GIVEN INFORMATION START
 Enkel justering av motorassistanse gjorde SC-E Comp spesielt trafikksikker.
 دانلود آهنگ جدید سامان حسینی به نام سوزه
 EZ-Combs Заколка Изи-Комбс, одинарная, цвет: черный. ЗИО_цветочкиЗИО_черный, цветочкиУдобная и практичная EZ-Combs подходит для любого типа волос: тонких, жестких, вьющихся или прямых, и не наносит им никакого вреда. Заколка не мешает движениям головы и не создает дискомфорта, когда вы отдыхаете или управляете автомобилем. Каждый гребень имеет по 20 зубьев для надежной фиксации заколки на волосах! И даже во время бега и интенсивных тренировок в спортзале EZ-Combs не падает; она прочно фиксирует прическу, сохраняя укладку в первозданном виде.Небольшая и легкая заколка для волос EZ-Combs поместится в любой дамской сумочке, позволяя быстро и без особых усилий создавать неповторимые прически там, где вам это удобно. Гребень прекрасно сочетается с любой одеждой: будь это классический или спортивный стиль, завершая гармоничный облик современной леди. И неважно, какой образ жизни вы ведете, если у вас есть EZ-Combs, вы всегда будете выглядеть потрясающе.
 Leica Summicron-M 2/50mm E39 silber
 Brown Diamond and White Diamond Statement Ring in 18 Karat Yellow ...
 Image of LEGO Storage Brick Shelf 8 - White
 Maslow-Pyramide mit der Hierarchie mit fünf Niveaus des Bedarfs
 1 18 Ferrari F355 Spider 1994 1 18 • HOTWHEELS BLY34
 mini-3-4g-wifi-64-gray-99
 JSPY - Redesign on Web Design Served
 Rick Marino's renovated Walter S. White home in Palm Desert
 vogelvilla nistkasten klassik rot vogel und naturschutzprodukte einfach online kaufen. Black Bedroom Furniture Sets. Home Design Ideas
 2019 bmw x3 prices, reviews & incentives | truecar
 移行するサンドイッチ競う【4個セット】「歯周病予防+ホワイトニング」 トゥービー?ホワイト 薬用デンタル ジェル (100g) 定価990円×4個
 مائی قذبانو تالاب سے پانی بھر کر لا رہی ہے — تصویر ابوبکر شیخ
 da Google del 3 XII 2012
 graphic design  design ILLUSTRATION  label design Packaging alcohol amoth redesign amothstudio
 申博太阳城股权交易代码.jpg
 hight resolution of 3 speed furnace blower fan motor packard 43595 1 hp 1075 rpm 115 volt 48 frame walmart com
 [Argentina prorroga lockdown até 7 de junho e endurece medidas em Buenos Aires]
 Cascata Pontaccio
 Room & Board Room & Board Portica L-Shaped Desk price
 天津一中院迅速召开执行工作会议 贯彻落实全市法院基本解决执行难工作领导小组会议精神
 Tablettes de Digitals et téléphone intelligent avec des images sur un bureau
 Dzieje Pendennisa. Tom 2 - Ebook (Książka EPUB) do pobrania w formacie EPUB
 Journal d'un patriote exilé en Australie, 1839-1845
GIVEN INFORMATION END
▶ EXERCISE DETAILS
Could you copy every line from the records that mentions the word "White"?

▶ YOUR SOLUTION
 Brown Diamond and White Diamond Statement Ring in 18 Karat Yellow ...
 Image of LEGO Storage Brick Shelf 8 - White
 Rick Marino's renovated Walter S. White home in Palm Desert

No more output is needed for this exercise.